The Universe does not assess a value. So where does that value come from? It’s a self-preservation, personal-security matter. I’m not saying there is no value. I’m saying the Universe does not assess a different value in one place than it does another. Nature has a certain valuation, and humans tend to use that as a way of basing their own valuation. In nature, to use a rather trite phrase, “survival of the fittest”—which is not always accurate, you know—is often thought to be the rule. Humans have taken that, and so, when they run you over with their own desires, if you’re strong enough to deal with it, then you move up in the food chain. If you’re not strong enough to deal with it, then too bad; your weakened genetics make you unworthy. And it’s all a part of “If you believe the same thing that I do, you are good, and if you do not believe what I do you’re not good.” It’s all designed to keep you in line, or, when it’s you putting that out, make the argument that you’re right. It is not based on where the Universe is coming from; it’s based on your fear of insignificance.

But we do have to make choices. Spraying aphids is an example. It can come down to the question, Do I eat the apple or do I let the worm eat the apple—taken to the extreme, does it survive or do I survive? So what should guide us there? How do we make that decision. Is it fair—is “fair” even an applicable concept in discussing whether my life is worth more than the worm’s?

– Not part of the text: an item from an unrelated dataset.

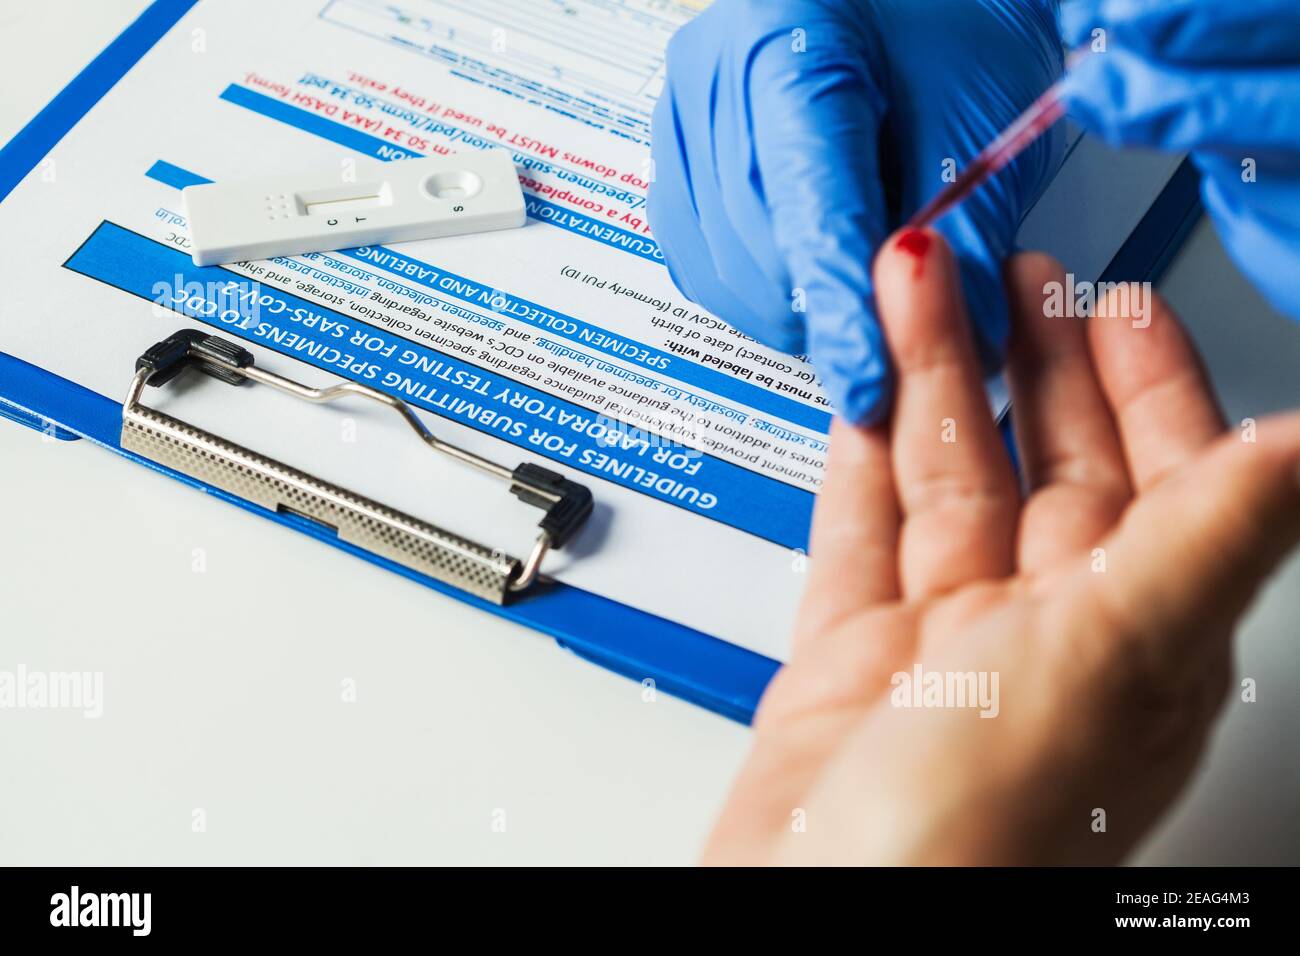 Healthcare professional performing Coronavirus COVID-19 rapid testing,fingerprick blood sample collection,point of care testing for providing same day Stock Photo

As far as the Universe is concerned, no, it’s not an applicable concept. But insofar as your human needs are concerned, it is, and insofar as your Guardianship is concerned, it is. And the reason for that is that it’s all a part of functioning within this dimension of form. In this dimension, you are not adhering to a Universal principle; you are adhering to a Universal principle as understood by form, which is greatly limited. More than that, understanding is based on each particular level of consciousness. The human understanding of it is of course going to be based upon the survival of the human. The worm’s version of it is going to be based upon the survival of the worm.

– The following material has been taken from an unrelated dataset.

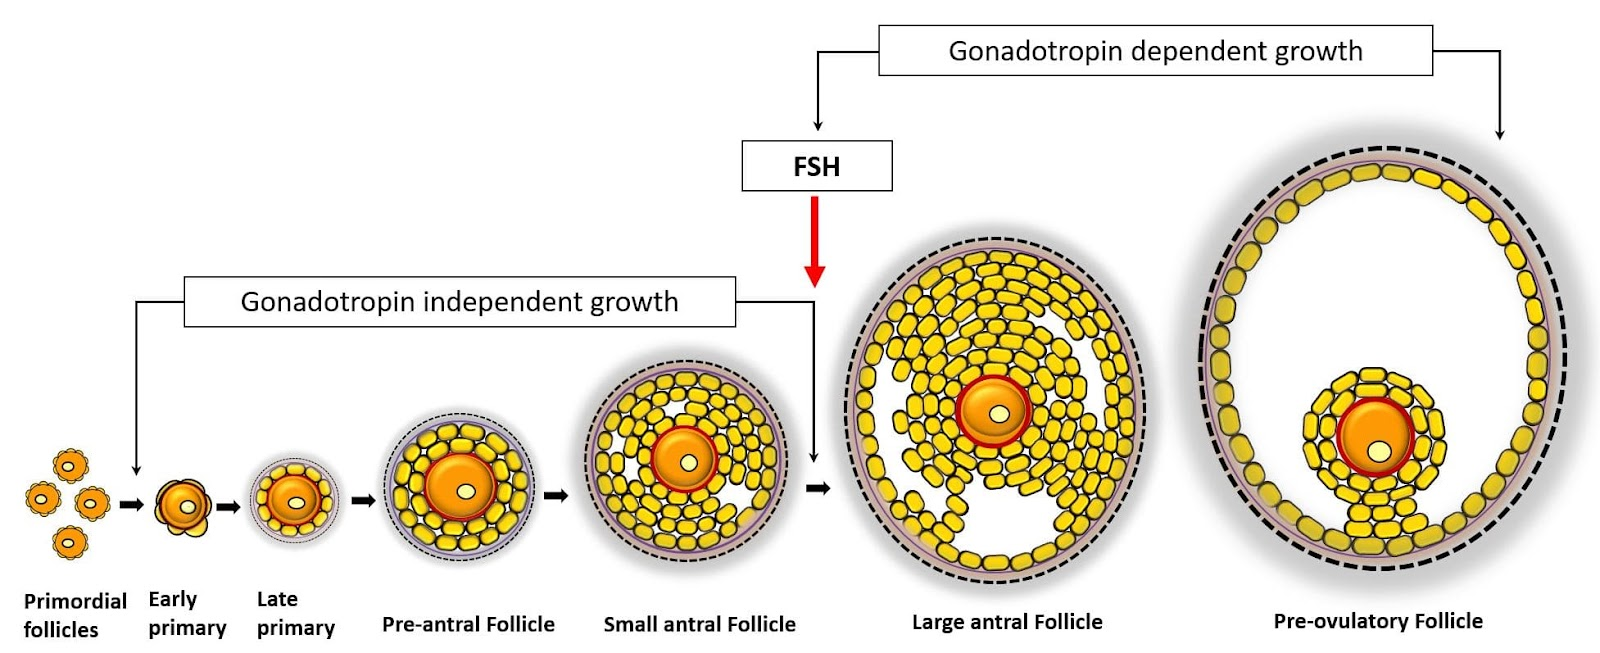 What are the stages of follicular development?

The worm doesn’t even ask. The human has the capability of asking the question.

So which one of those is right? It’s a contextual answer. The worm has all it wants out in the abandoned orchard that nobody pays any attention to anymore. It doesn’t have a good life when it weasels its way into an orchard where aphids are sprayed and mosquitoes are swatted. Does it make the worm bad because it got into an orchard where it will surely die? It was just doing worm things.

The pertinent question to me is, Does it make the person bad for not having compassion for the worm and carrying it to the abandoned orchard?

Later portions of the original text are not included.